THE RECORDS:
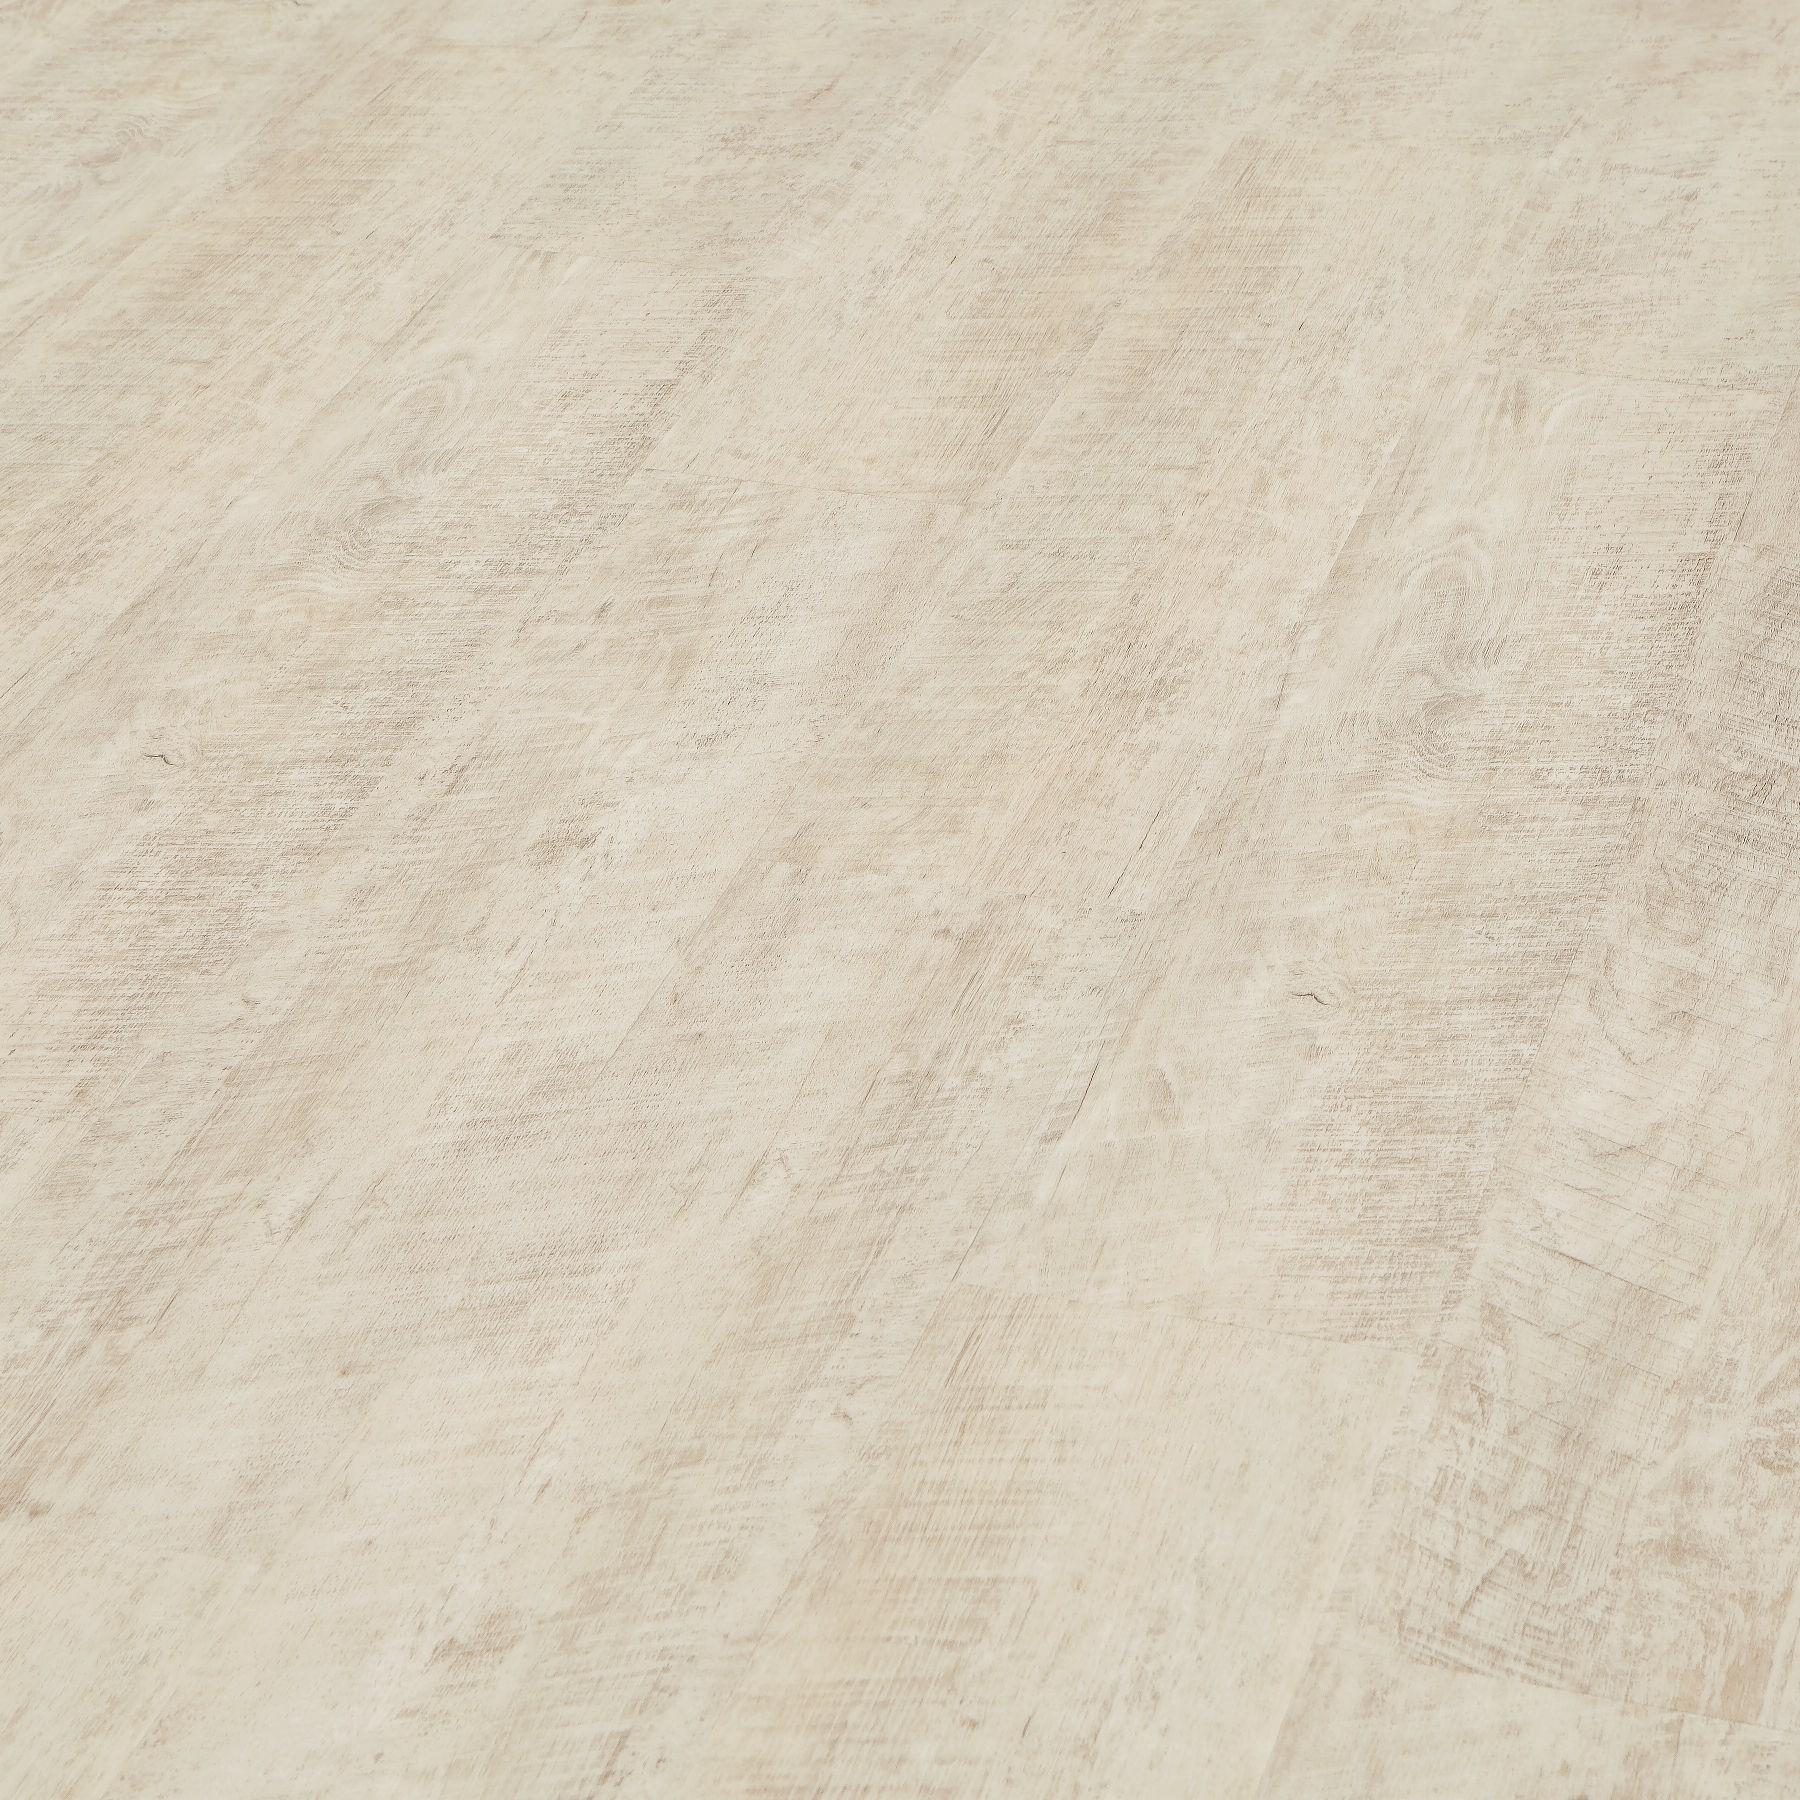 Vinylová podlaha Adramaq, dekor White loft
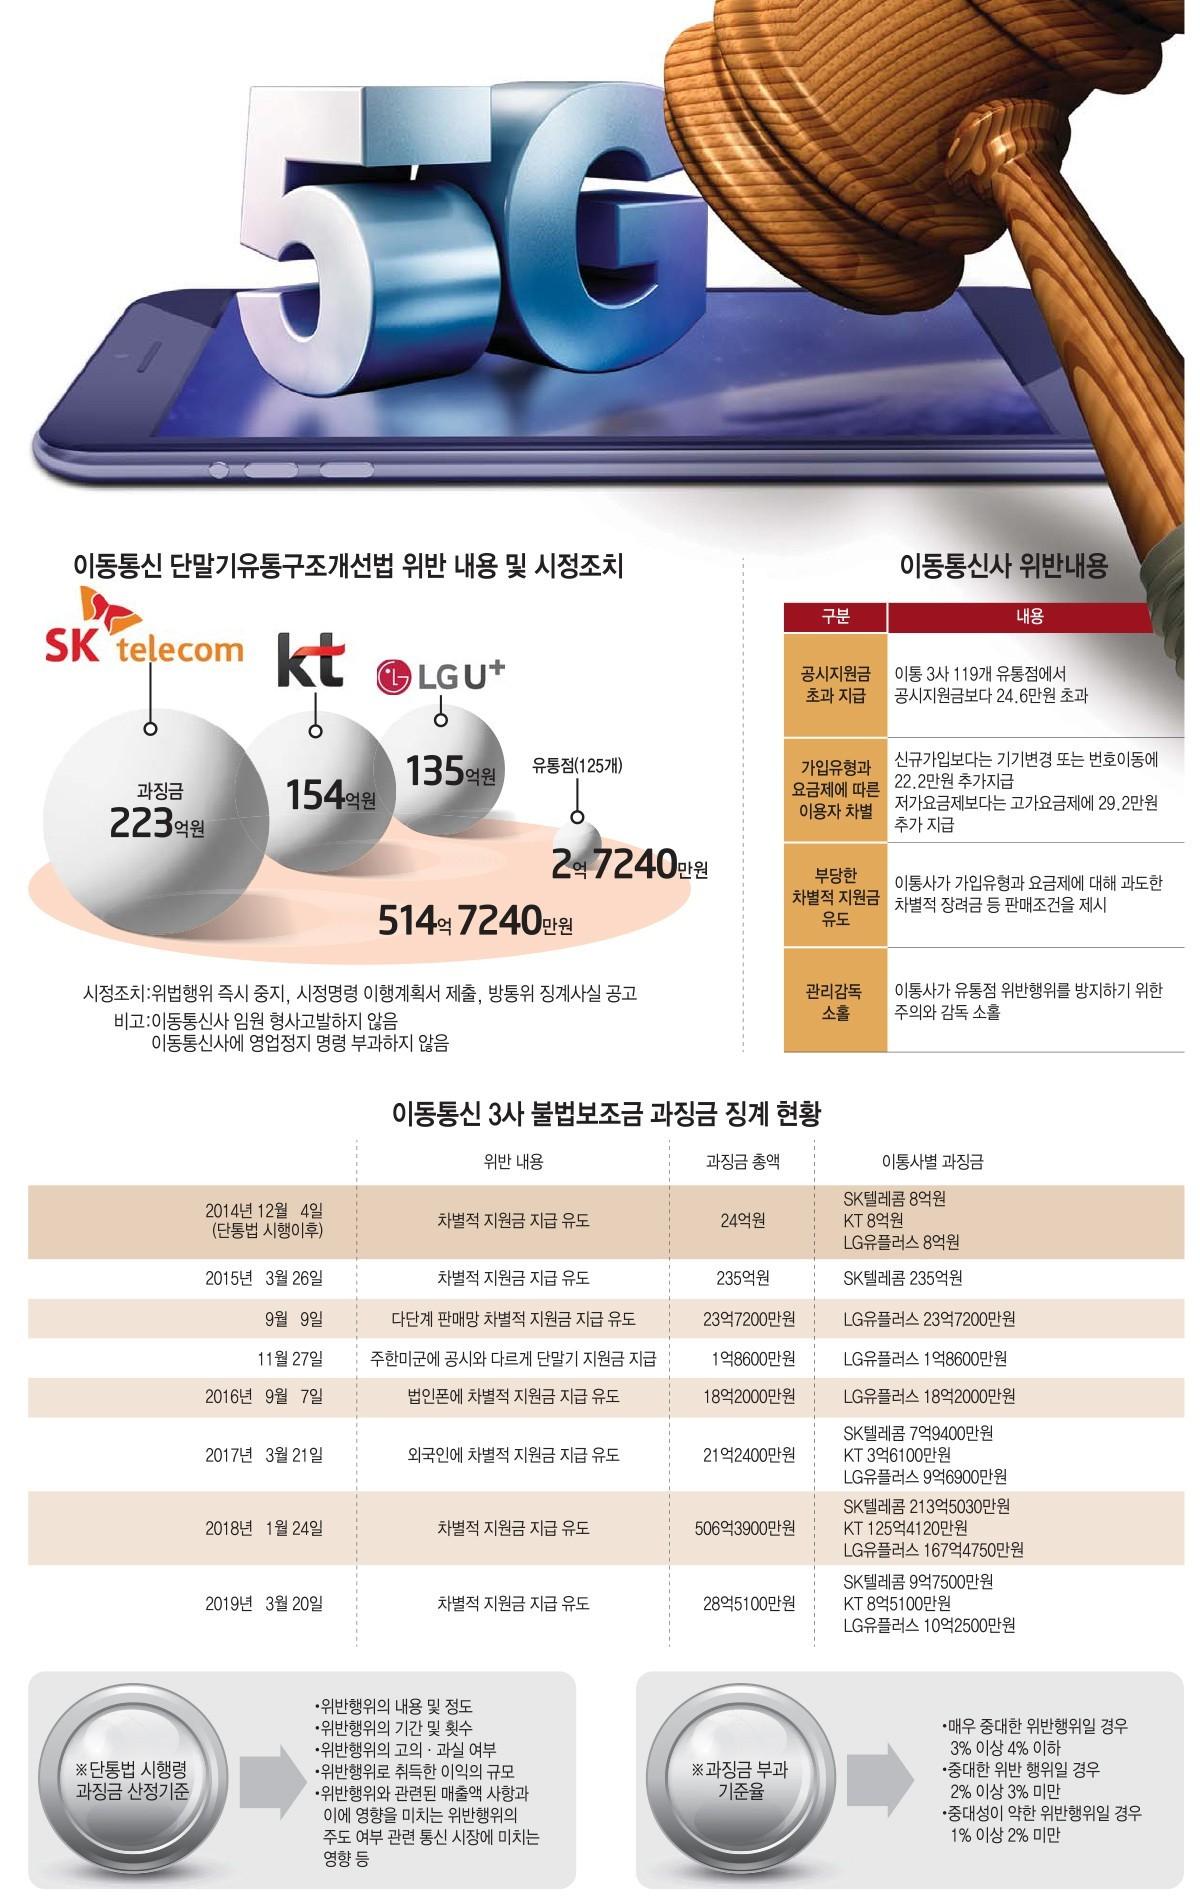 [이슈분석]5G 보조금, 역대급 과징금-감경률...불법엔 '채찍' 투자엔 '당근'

* * *

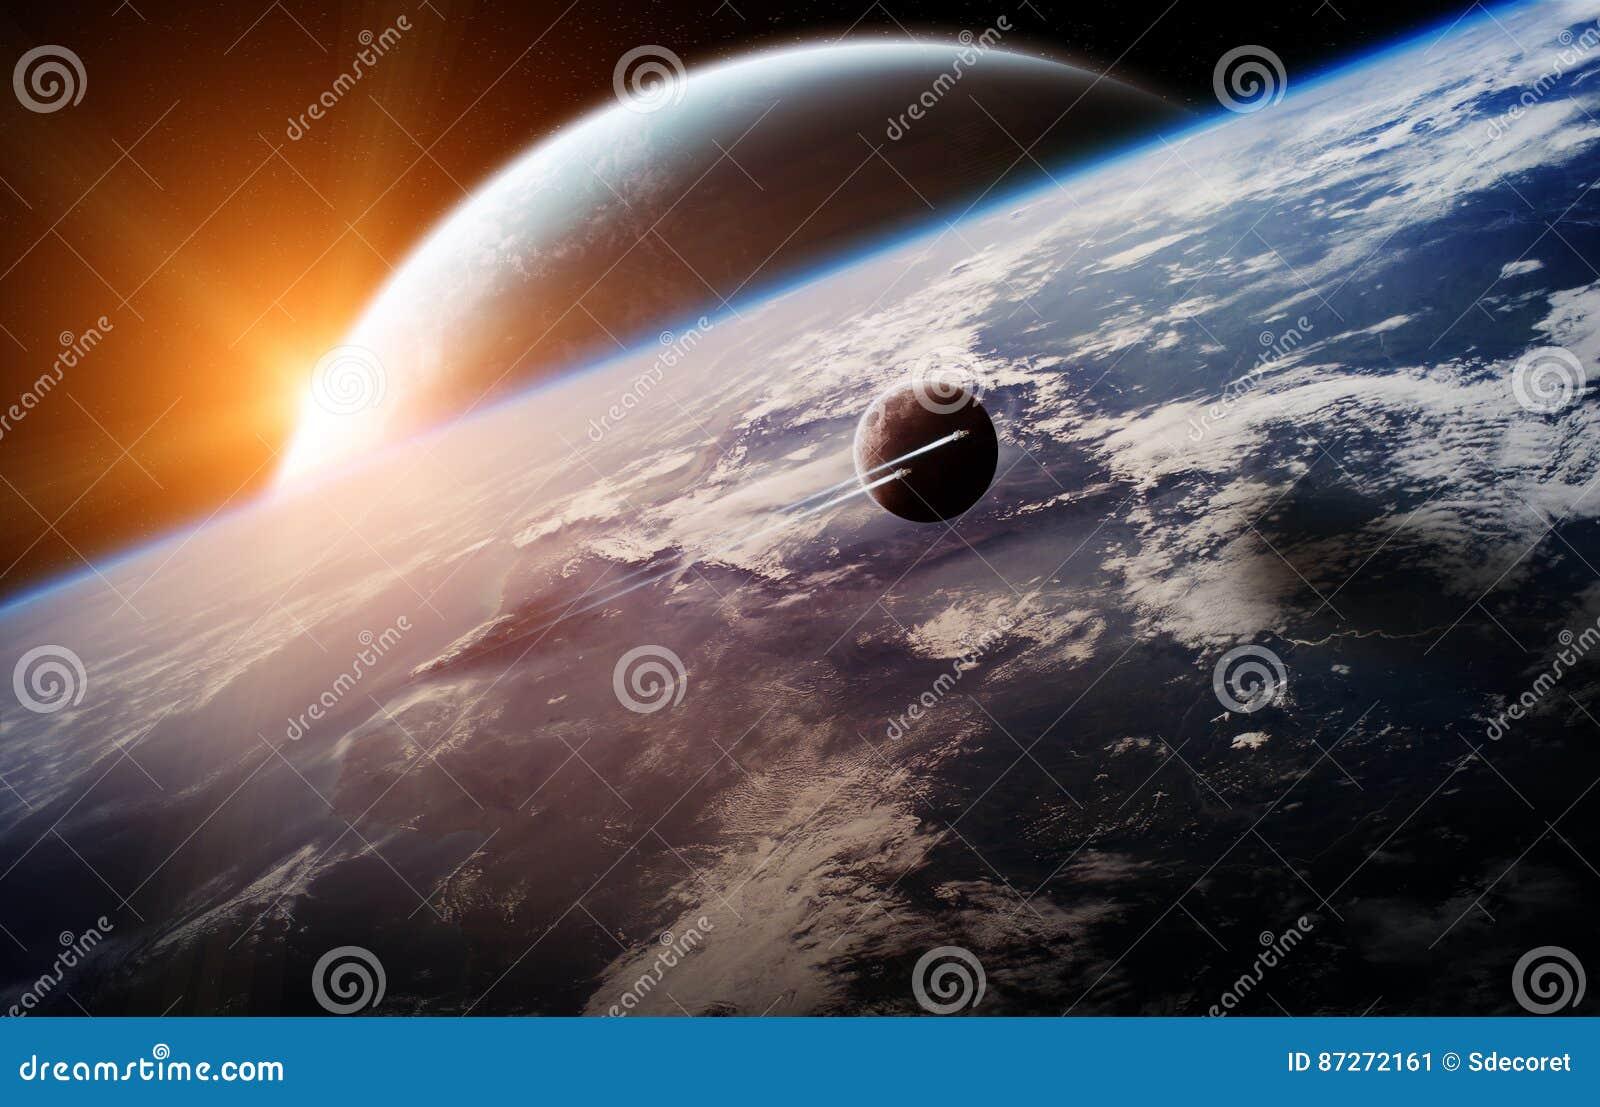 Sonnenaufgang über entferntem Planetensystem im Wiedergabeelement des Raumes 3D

==

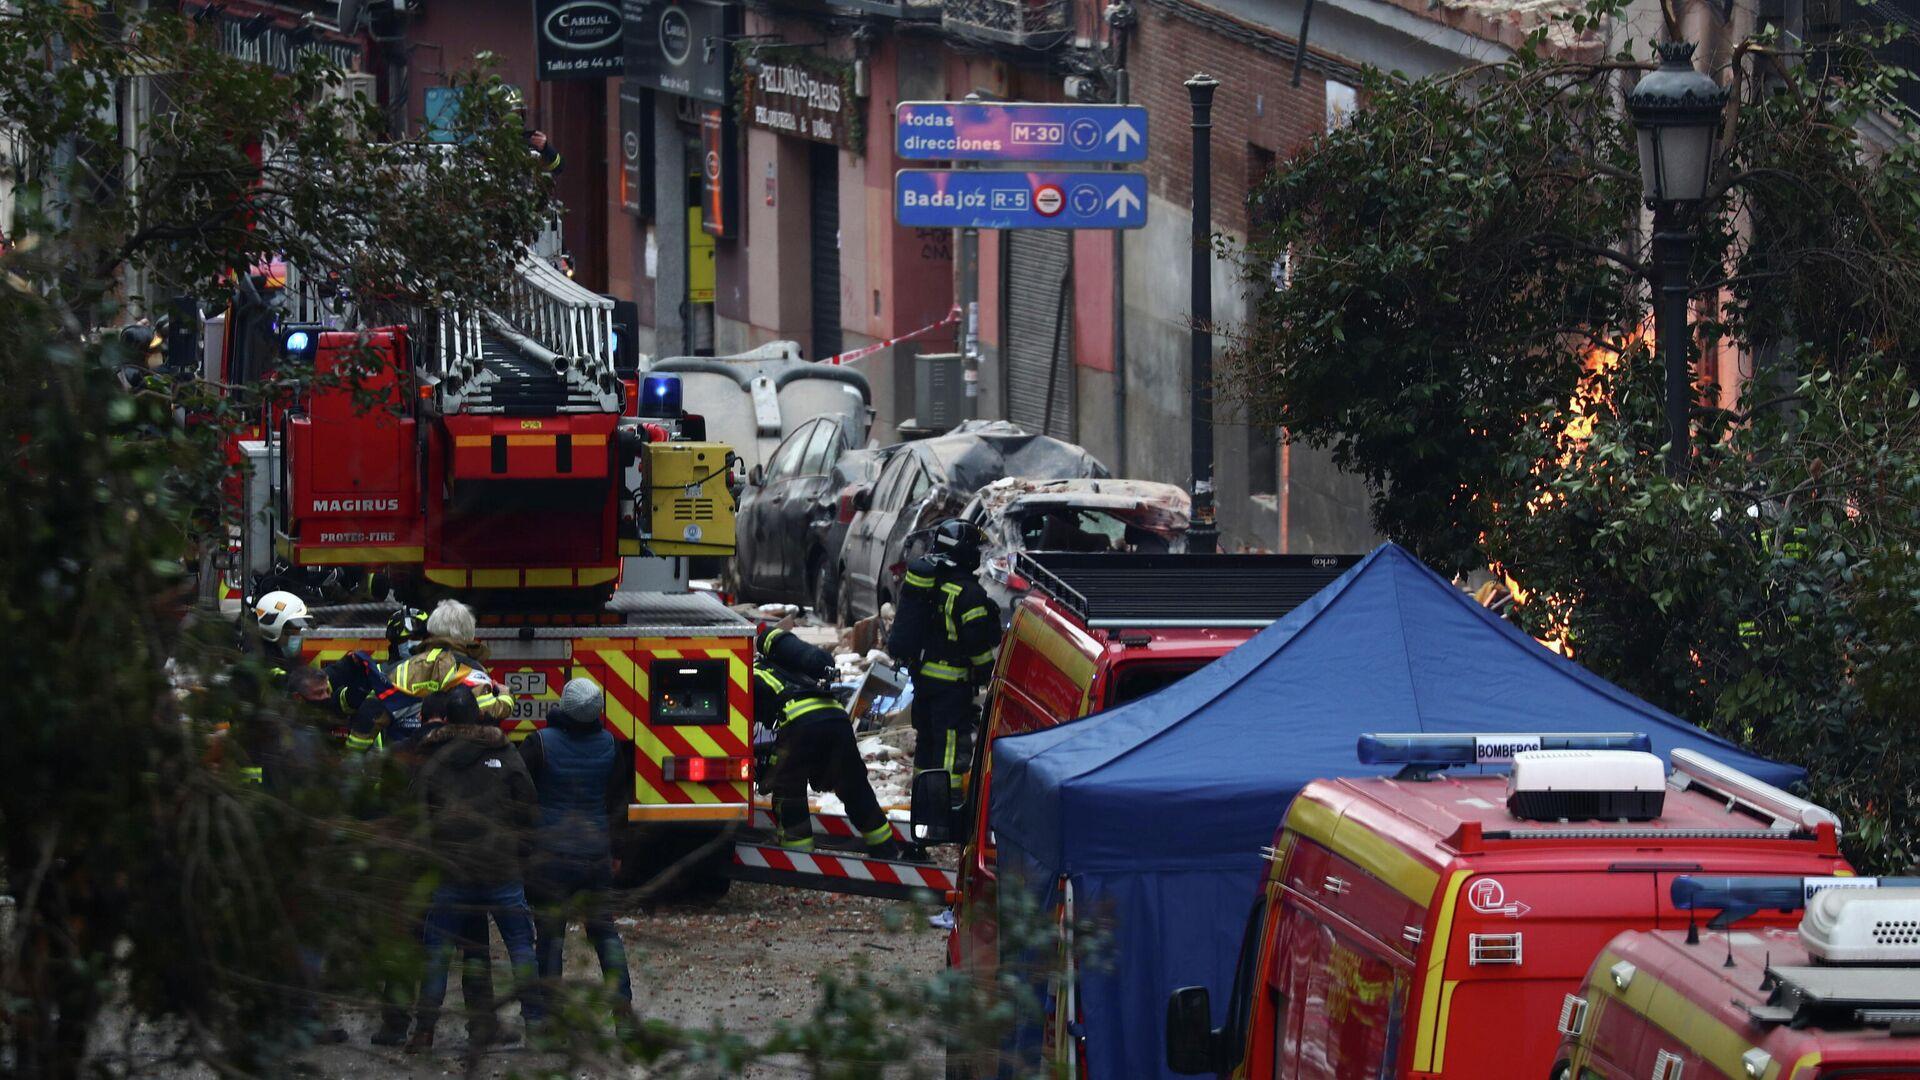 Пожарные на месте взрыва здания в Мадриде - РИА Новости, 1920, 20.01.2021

DESCRIPTION OF THE TASK: From the records above, give again only the part that opens with the line containing "Vinylová podlaha Adramaq, dekor White loft" and closes with the line containing "[이슈분석]5G 보조금, 역대급". Keep both ends but drop the pictures.

FINAL ANSWER:
 Vinylová podlaha Adramaq, dekor White loft
 [이슈분석]5G 보조금, 역대급 과징금-감경률...불법엔 '채찍' 투자엔 '당근'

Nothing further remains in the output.